Let's talk about it. Run a regular pool, because the runtime is in the method area, we can set the method area size through JVM parameters:-xx:permsize,-xx:maxpermsize, thereby indirectly restricting the constant pool size.
Suppose the JVM startup parameters are:-xx:permsize=2m-xx:maxpermsize=2m, and then run the following code:
1//Keep reference, prevent automatic garbage collection
2 list<string> List = new arraylist<string> ();
3
4 int i = 0;
5
6 while (true) {
7 //Manually add constant 8 List.add (string.valueof (i++) to a constant pool by the Intern method . Intern ());
9}
The program immediately throws: Exception in thread "main" java.lang.outOfMemoryError:PermGen a space exception. PermGen space is the method area, enough to show that Chang is in the method area.

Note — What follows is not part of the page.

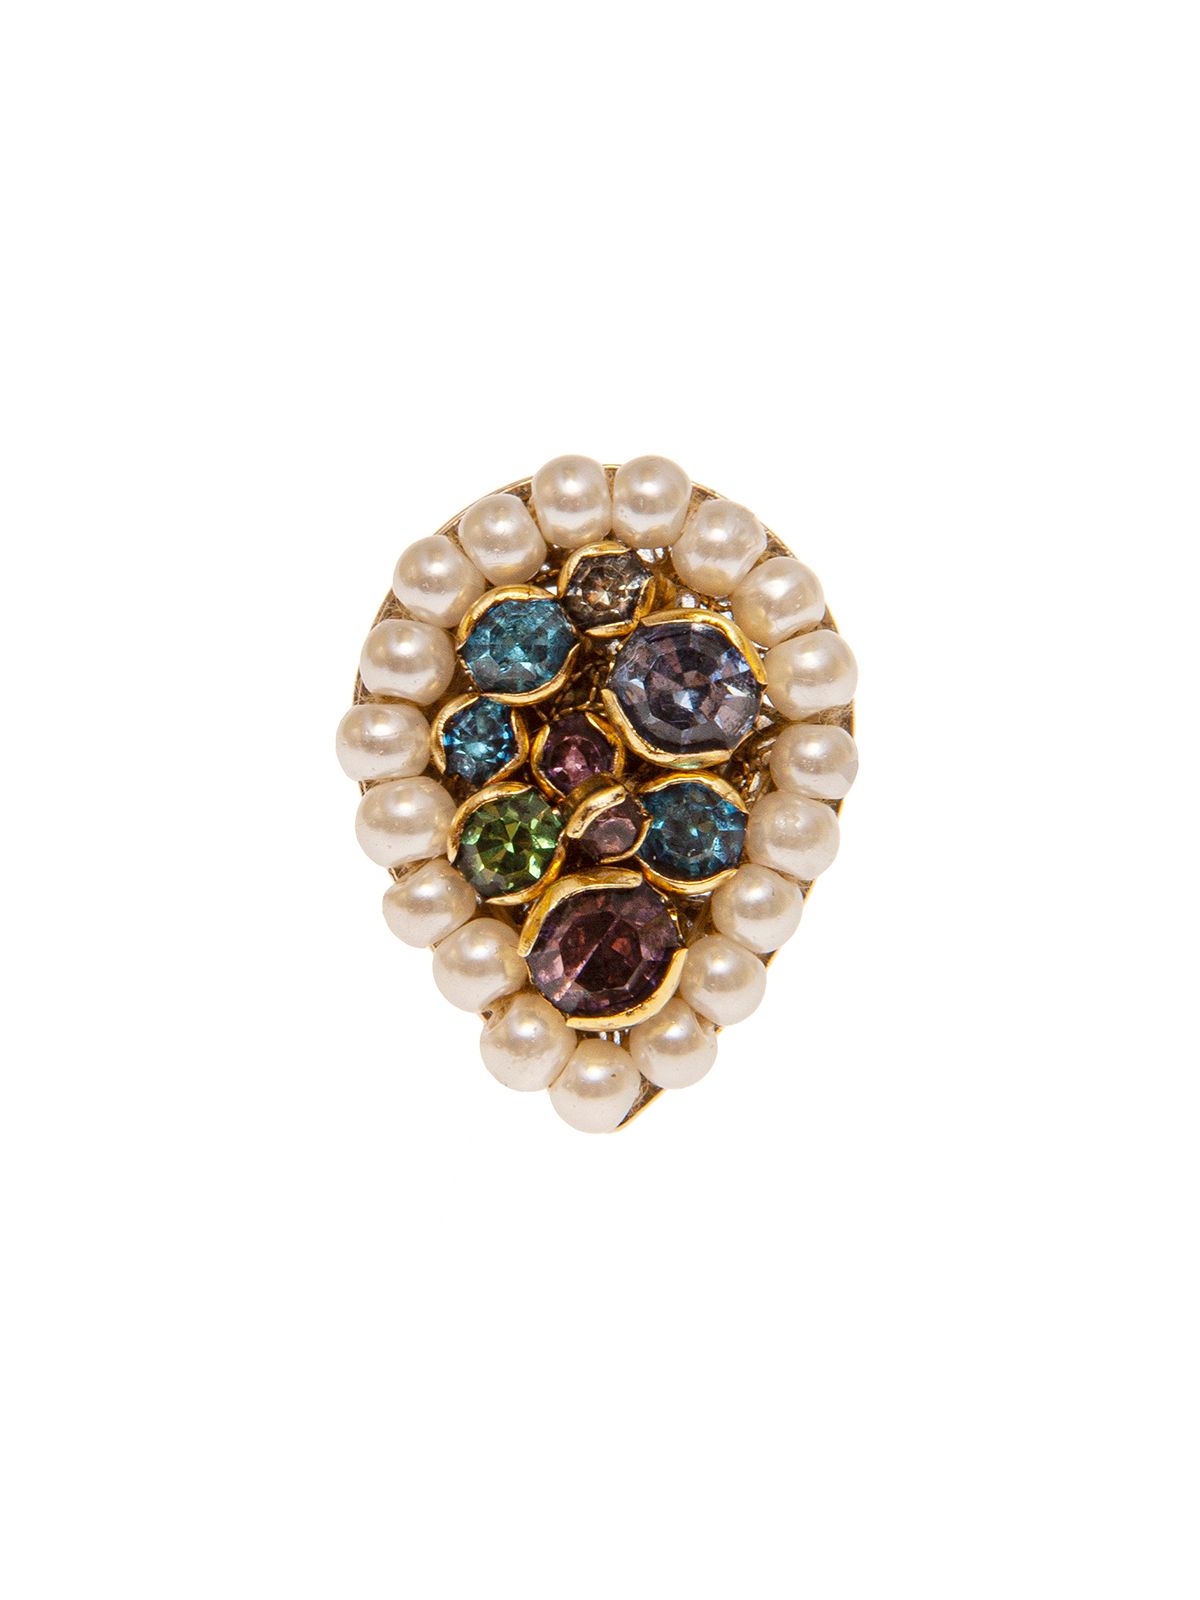 Drop shaped  ring embellished with small pearls and multicolor stones

In Jdk8, the method area is removed and replaced with the Metaspace region, so we need to use the new JVM parameters:-xx:maxmetaspacesize=2m, which still runs as code, throws: Java.lang.OutOfMemoryError: Metaspace exception. In the same vein, the runtime pool is divided into metaspace areas. For specific information on the Metaspace area, please search the reader yourself.
All the code in this article is tested under JDK7 and JDK8, and other versions of the JDK may be slightly different, please explore them yourself.
References: "Deep understanding Java Virtual machines ——— JVM advanced features and best practices" reproduced from: http://www.cnblogs.com/iyangyuan/p/4631696.html
And then the first part of the code, I tested, ran the results as he wrote. After that part of the practice after that a little scrutiny.